Aku mengamati setiap wajah penghuni ruangan. Ada bahagia di balik duka yang tercipta. Mereka bahagia dengan kehamilanku. Hah! Mereka tahu, tapi sekarang tidak ada gunanya lagi.

"Hamil? Nia hamil, Bu?" tanyaku dengan memasang ekspresi bahagia. Tanganku mengelus perut yang masih rata.

"Kata dokter Raisa sepertinya Mbak Hamil. Ciri-cirinya seperti itu. Untuk mastiinnya aku udah beli testpack sama Mas Ali, nih!" Iparku yang baik hati memperlihatkan alat tes kehamilan di tangannya.

"Kamu sudah sanggup bangun, belum?" tanya ibu pelan.

Aku mengangguk pelan. Jujur kepala masih agak pusing. Namun, keinginan keluarga Mas Gilang harus dituruti. Aku tidak mau dianggap pembangkang. Ini saatnya meraih hati keluarganya. Meski talak sudah terucap, aku tak ingin keluar dari luang lingkup keluarga Sentawibara.

Aku ke kamar mandi dipapah oleh istrinya Ali. Dia sangat perhatian, lembut dan baik hati. Diberikannya tempat untuk menampung urine. Dia meninggalkanku di dalam. Ditarik gagang pintu pelan.

Kuhela napas berat, mematut diri di depan cermin. Penampilanku acak-acakan dengan wajah kusam. Bahkan, mata panda mulai kelihatan menganggu penampilan. Pipi tirus sama sekali tidak terpoles bedak. Hancur.

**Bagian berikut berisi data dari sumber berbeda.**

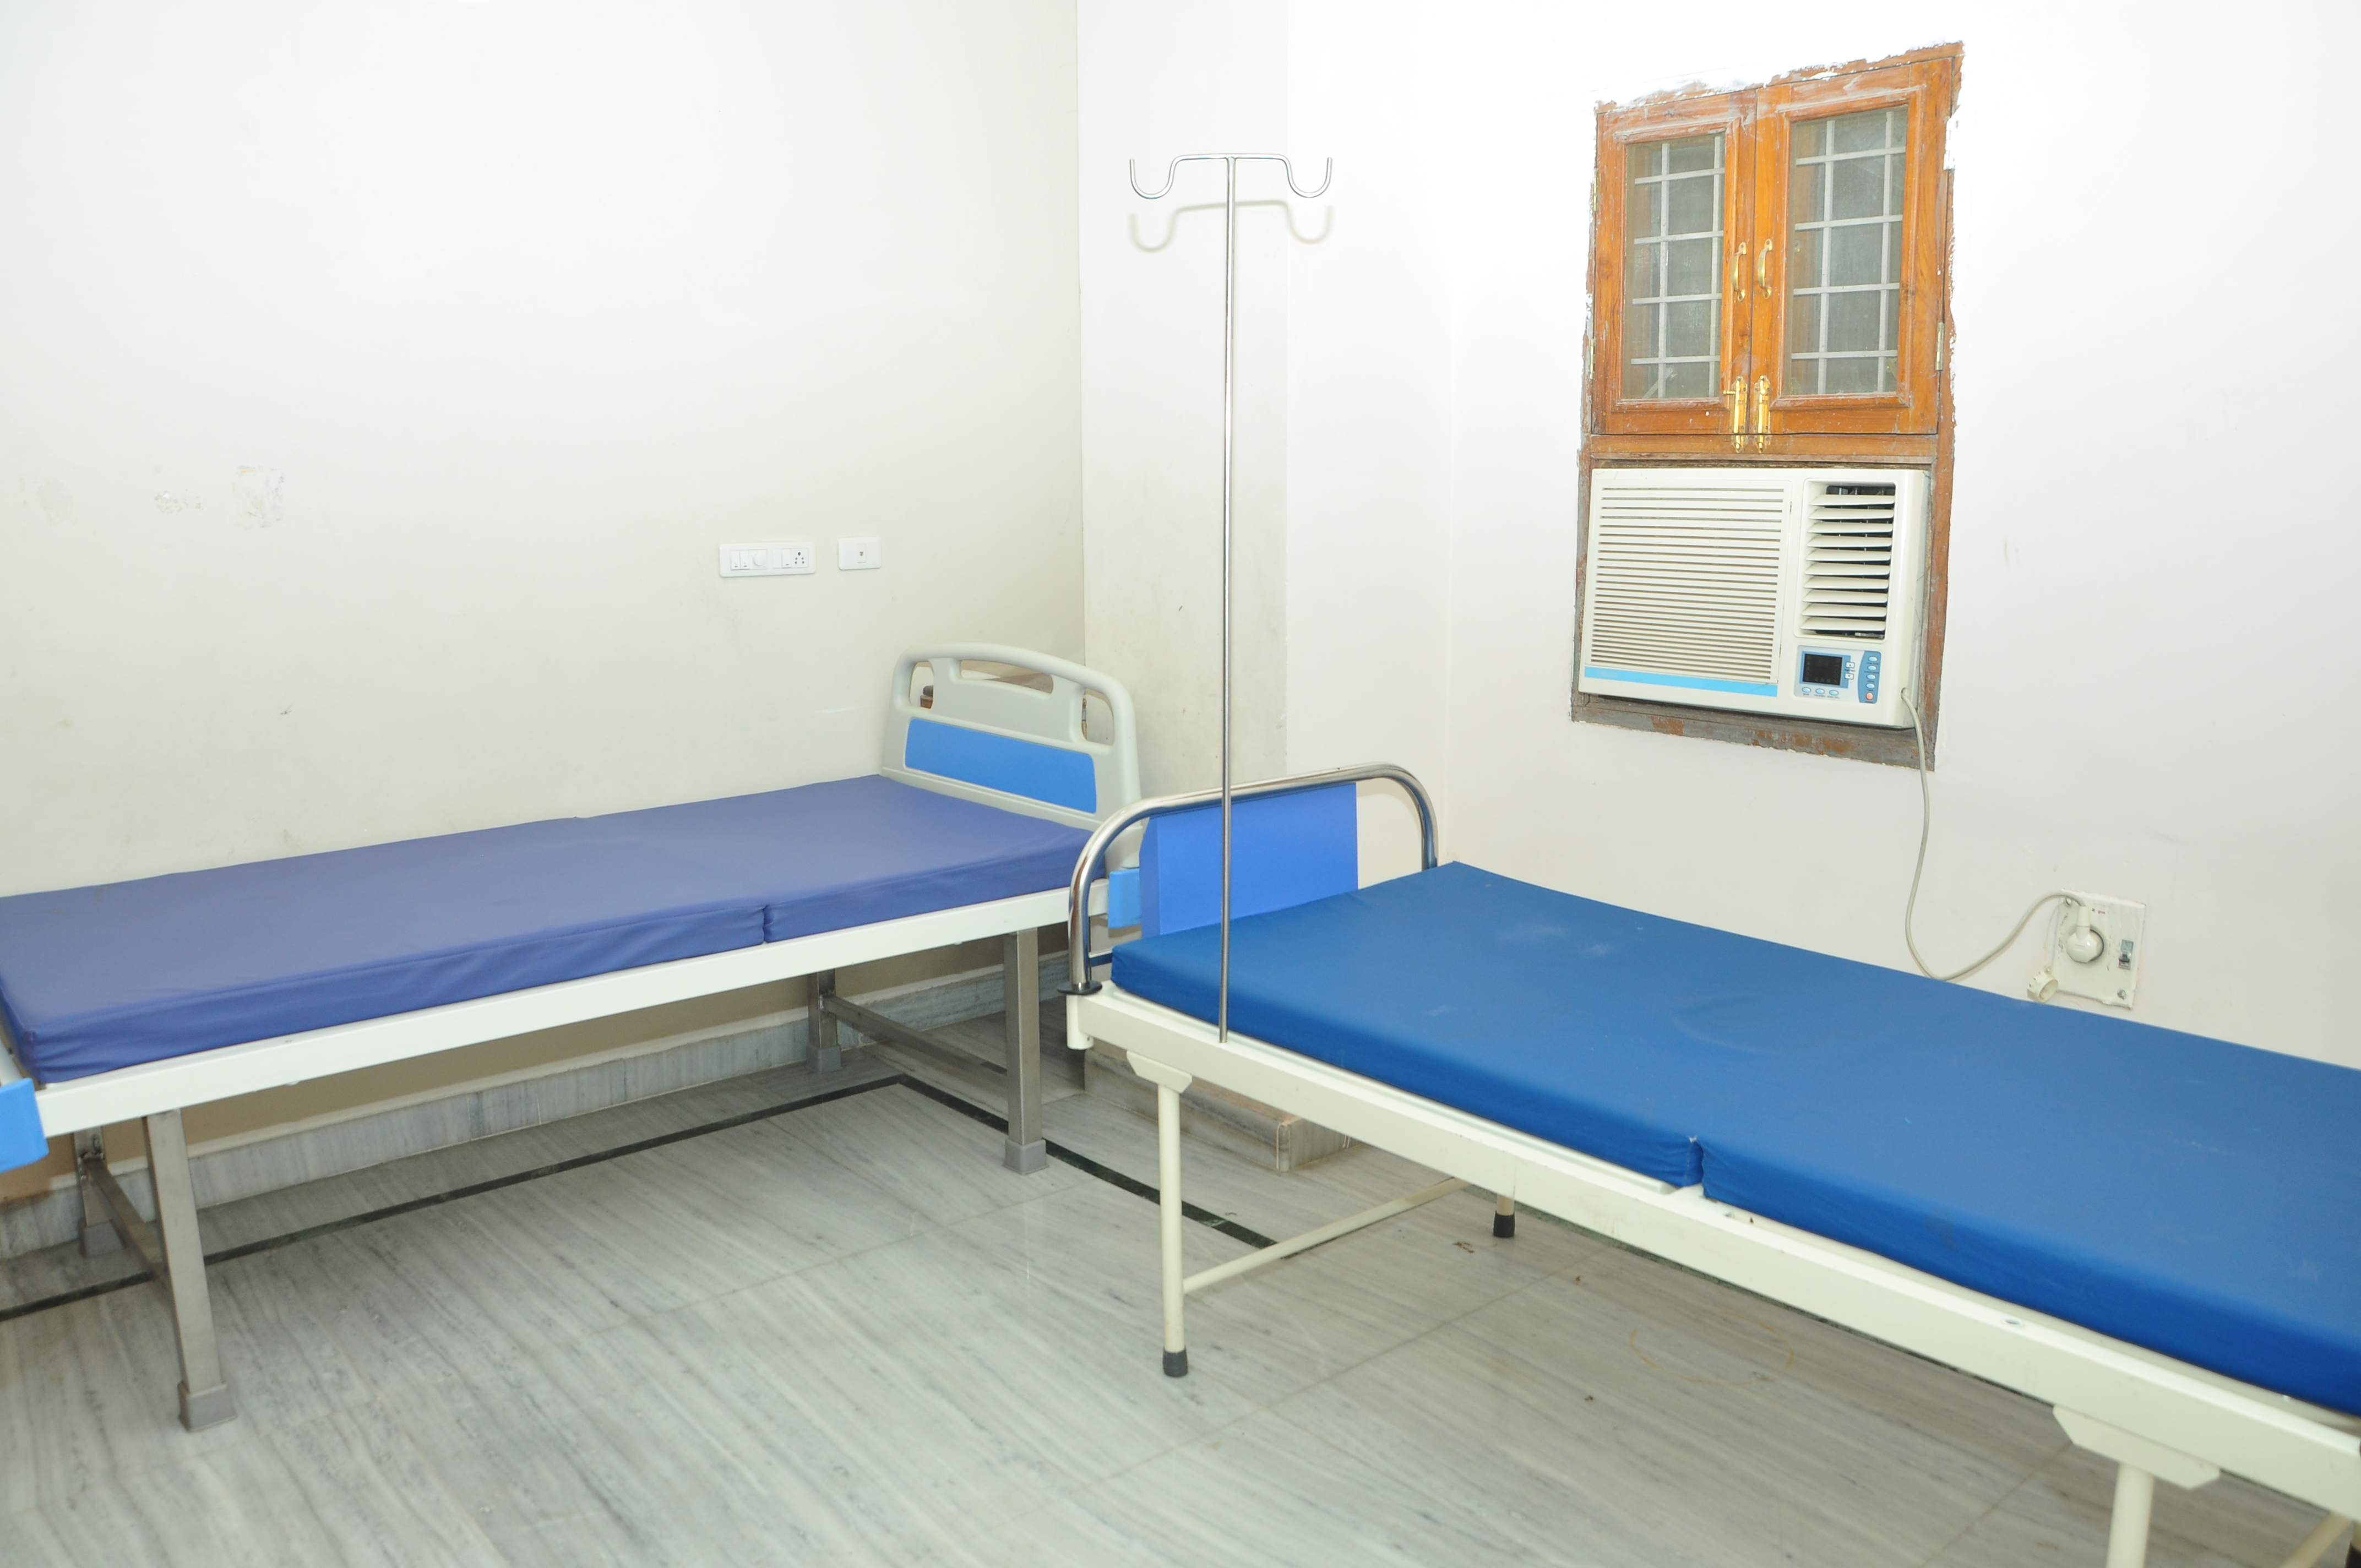 Bed allocation for patient

"Mbak udah?" tanya istrinya Ali. Sepertinya dia tidak sabar.

"Sebentar," jawabku pelan. Kepala masih terasa pusing.

Lima menit kemudian, aku keluar. Berjalan sambil memegang dinding. Langkah masih terasa berat. Mbak Aisyah buru-buru merangkul tubuhku.

"Urinenya mana, Mbak?" tanya iparku.

"Di dalam, Dek," jawabku lemas. Tenaga terkuras habis. Bukan karena bekerja. Namun, karena berpikir.

"Semoga positif ya, Mbak!" Nada suara adik iparku terdengar bahagia.

"Amiin," sahut ibu.

Hening. Jenak-jenak kebisuan tercipta. Larut dalam hayalan yang entah apa. Mau menangis juga percuma, tertawa pun tak punya alasan jelas. Nyeri kepala bagai dihantam palu raksasa. Detik waktu serasa lama berganti. Gumpalan-gumpalan luka semakin menumpuk di hati. Hingga tersisa sedikit ruang untuk merasa.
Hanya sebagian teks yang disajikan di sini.